Now, in Computer Science, the way this is tackled is by running the algorithm a large number of times. If you run the algo several times, and the answer is “Maybe” in each iteration, then you can put an upper bound on the probability that the answer is “No”. And with high confidence (though not 100%) you can say “Probably yes”. This is reflected in louvvu also – you meet several times, implicitly evaluate each other on several counts, and keep asking yourselves this question. And when both of you have asked yourselves this question enough times, and both have gotten consistent maybes, you go ahead and marry (of course, there is the measurement aspect also that is involved).

Now, the deal with the arranged marriage market is that you aren’t allowed to have too many meetings. In fact, in the traditional model, the “darshan” lasts only for some 10-15 mins. In extreme cases it’s just a photo but let’s leave that out of the analysis. In modern times, people have been pushing to get more time, and to get more opportunities to run iterations of the algo. Even then, the number of iterations you are allowed is bounded, which puts an upper bound on the confidence with which you can say yes, and also gives fewer opportunity for “noes”.

Management is about finding a creative solution to a system of contradictory constraints
– Prof Ramnath Narayanswamy, IIMB

So one way to deal with this situation I’ve described is by what can be approximately called “pruning”. In each meeting, you will need to maximize the opportunity of detecting a “no”. Suppose that in a normal “louvvu date”, the probability of a “no” is 50% (random number pulled out of thin air). What you will need to do in order to maximize information out of an “arranged date” (yes, that concept exists now) is to raise this probability of a “no” to a higher number, say 60% (again pulled out of thing air).

If you can design your interaction so as to increase the probability of detecting a no, then you will be able to extract more information out of a limited number of meetings.
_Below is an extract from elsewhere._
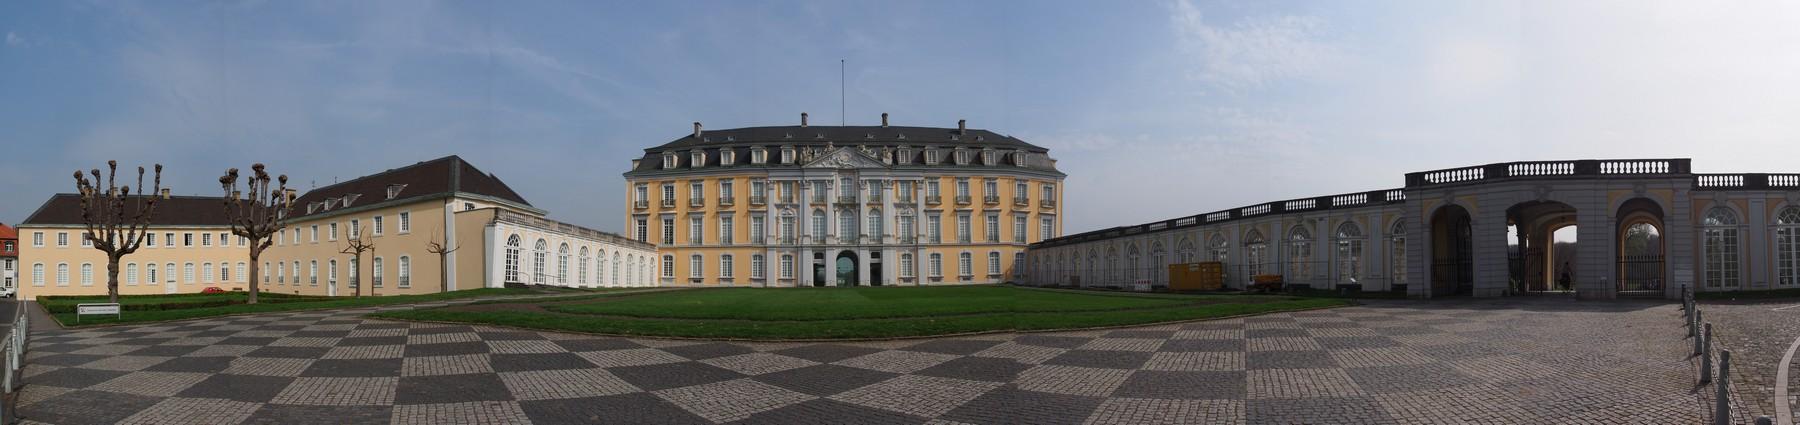 P4015496 Pano Palacio Augustusburg Bruhl Alemania UNESCO

When the a priori rejection rate per date is 50%, you will need at least 5 meetings with consistent “maybes” in order to say “yes” with a confidence of over 50% (I’m too lazy to explain the math here), and this is assuming that the information you gather in one particular iteration is independent of all information gathered in previous iterations.

(In fact, considering that the amount of incremental information gathered in each subsequent iteration is a decreasing function, the actual number of meetings required is much more)

Now, if you raise the a priori probability of rejection in one particular iteration to 60%, then you will need only 4 independent iterations in order to say “yes” with a confidence of over 95% (and this again is by assuming independence).

Ignore all the numbers I’ve put, none of them make sense. I’ve only given them to illustrate my point. The basic idea is that in an “arranged date”, you will need to design the interaction in order to “prune” as much as possible in one particular iteration. Yes, this same thing can be argued for normal louvvu also, but there I suppose the pleasure in the process compensates for larger number of iterations, and there is no external party putting constraints.